I do not believe that you need to know the business before you enter it. I don’t think that is what makes an entrepreneur succeed. Business acumen is transferable. In Europe, when it came to employees, I tried to look beyond personal experience and rather at their potential. Good business acumen will transfer from software to retail or from retail to software.
In 1999, I sold the retail import business and met Thierry Lunati. He was one of the major founders of the French Internet. He started very early on in 1993, brought the first French search engine, and later did a free e-mail business. We met through a friend.
He is an engineer and not a manager. We were not in a hurry to do the business, so we came up with the idea of establishing an entrepreneur club. The idea was that any entrepreneur who wanted to be part of the club would have to exchange shares of their own company with other entrepreneurs according to their business arrangements. We would be the aggregator and establish a value for the shares. It was new and original at the time.
We started the company in 2000 and had 450 companies in the club. We were organizing a lot of events around the club. What we found was common with entrepreneurs were themes revolving around “What can I sell to you or what can I buy from you?” and “Who do you know?” Initially we thought we were going to create an intranet for the club with a small search engine. When people started using the service, we realized that we were being stupid and that we needed to open it up to anyone. This was in 2004.
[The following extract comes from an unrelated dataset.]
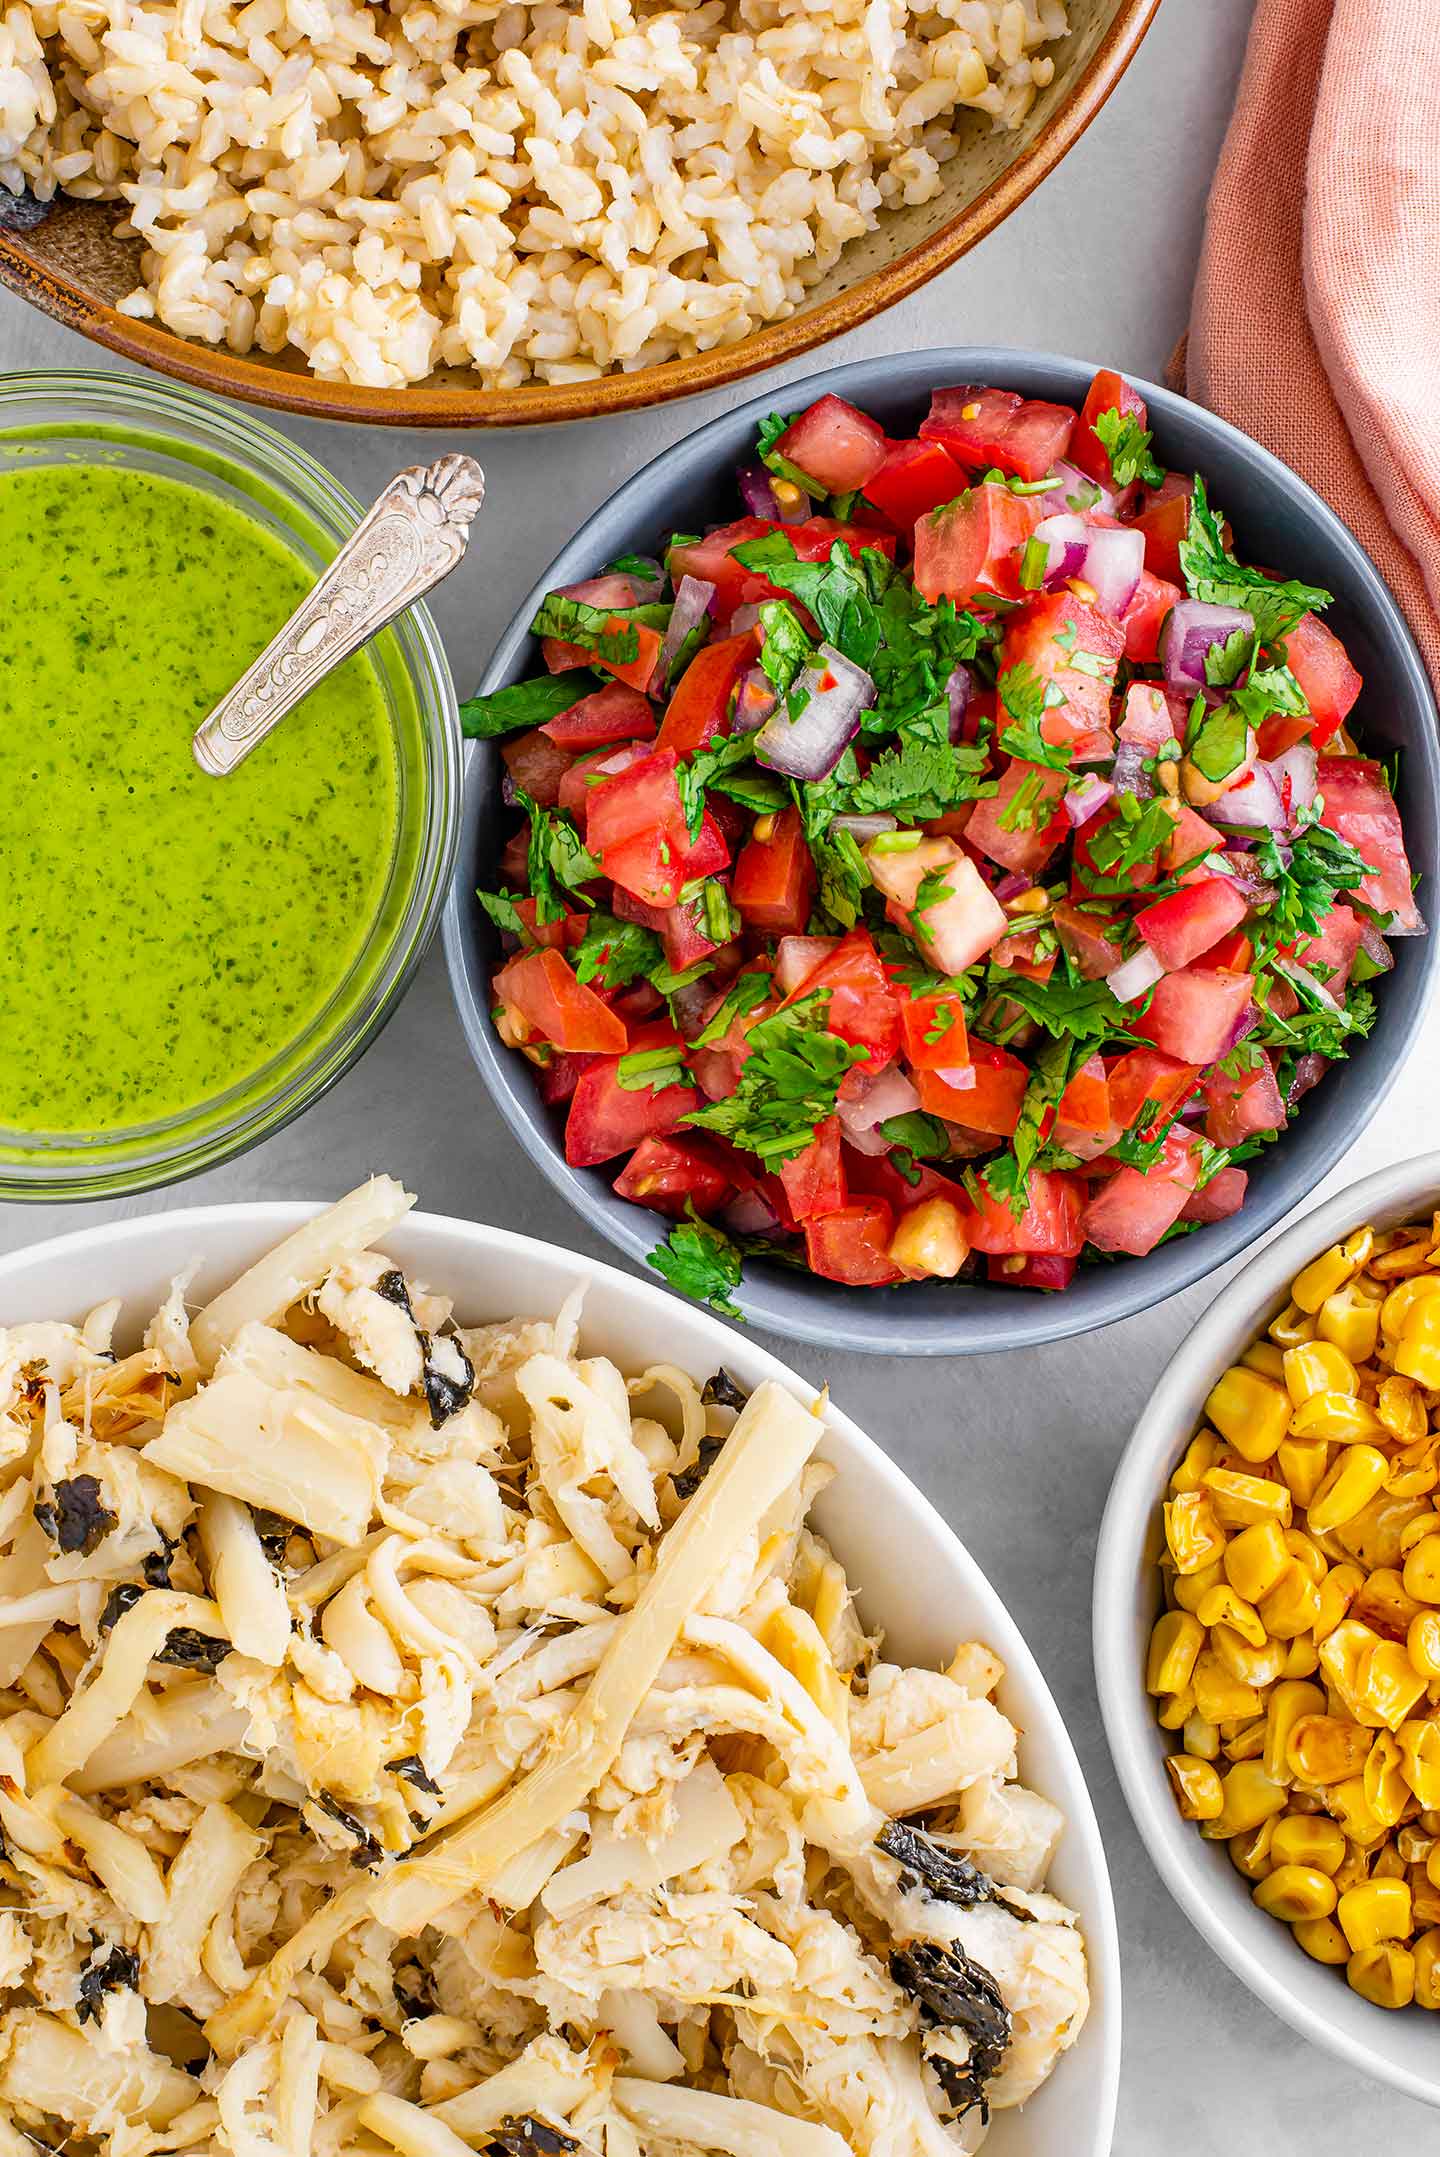 Top down view of easy "fish" taco bowl ingredients. Salsa fresca fills a small bowl, bright green cilantro lime vinaigrette is in a small dish with a spoon, the baked hearts of palm, charred corn, and brown rice surround.

Sramana: LinkedIn was already in existence in 2004. Did you know about them?
Dan Serfaty: We did not know about them because we started from within our club. LinkedIn was created in 2003, and we found them pretty quickly once we opened up our network. There were several other companies in France that had created the same thing as we did. Our name come from “viaduct,” which shows our ambition.
Sramana: How many people came online once you opened up from your internal network?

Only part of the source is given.